Only because he saw those pics you posted of your mother in her best bikini.


----------



## Söulcaster

Marshall Mann said:


> Only because he saw those pics you posted of your mother in her best bikini.



Thats just out of line MM, everybody knows my mom goes the full monty and attends "clothing optional" beaches only. 

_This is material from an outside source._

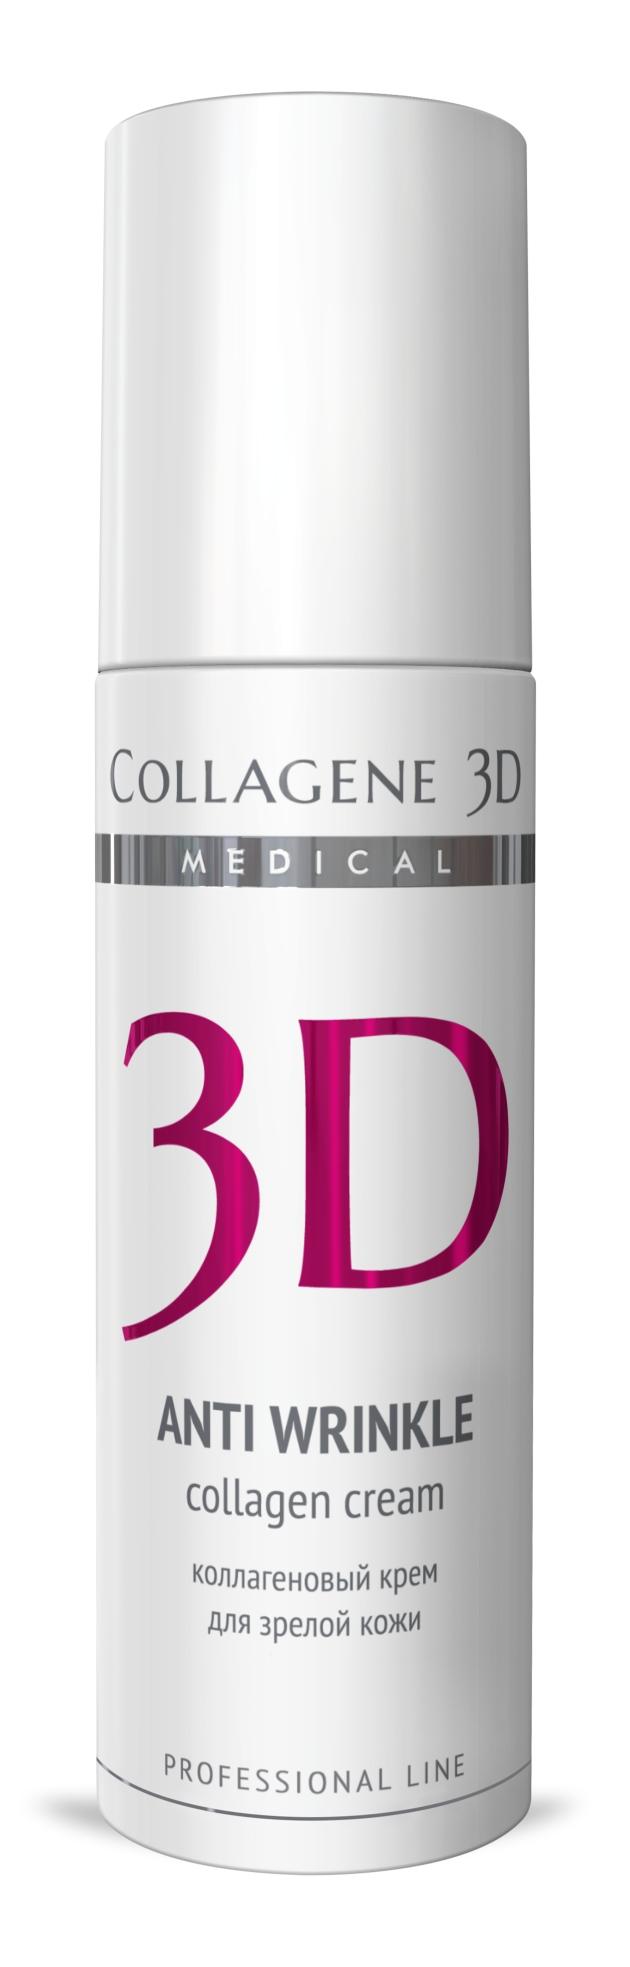 MEDICAL COLLAGENE 3D Крем с коллагеном и плацентолью для лица Anti Wrinkle 150мл проф.Кремы<br>Благодаря богатому комплексу активных ингредиентов крема уменьшается выраженность глубоких морщин, восполняется дефицит биологически активных веществ и стимулируется обновление кожи. Нативный коллаген, экстракт плаценты и гиалуроновая кислота способствуют омоложению, натуральные масла оливы и персика питают, увлажняют, обеспечивают естественную защиту, витамины А и Е   мощные антиоксиданты. Активные ингредиенты: нативный трехспиральный коллаген, экстракт плаценты, гиалуроновая кислота, масло оливы, персиковое масло, пантенол, витамин А, витамин Е. Способ применения: нанести тонким слоем на предварительно очищенную кожу лица, шеи и область декольте. Кремы рекомендуются как для экспресс-процедур, так и для курсового применения. Курсовое применение: 8-10 процедур. Проводить по 1 процедуре ежедневно или через день. Поддерживающие процедуры следует проводить 1 раз в неделю.<br><br>Назначение: Морщины

MM has always wanted to open his own men only nudist colony


----------



## bulldozer1984

Marshall Mann said:


> Only because he saw those pics you posted of your mother in her best bikini.





PURE GOLD !!!


----------



## Marshall Mann

Söulcaster said:


> Thats just out of line MM, everybody knows my mom goes the full monty and attends "clothing optional" beaches only.
> 
> MM has always wanted to open his own men only nudist colony



ROLF! 

And you know SC, your 100% right. But it's true only because HT just showed me the picks of your mum in the full monty!


----------



## Söulcaster

Marshall Mann said:


> ROLF!
> 
> And you know SC, your 100% right. But it's true only because HT just showed me the picks of your mum in the full monty!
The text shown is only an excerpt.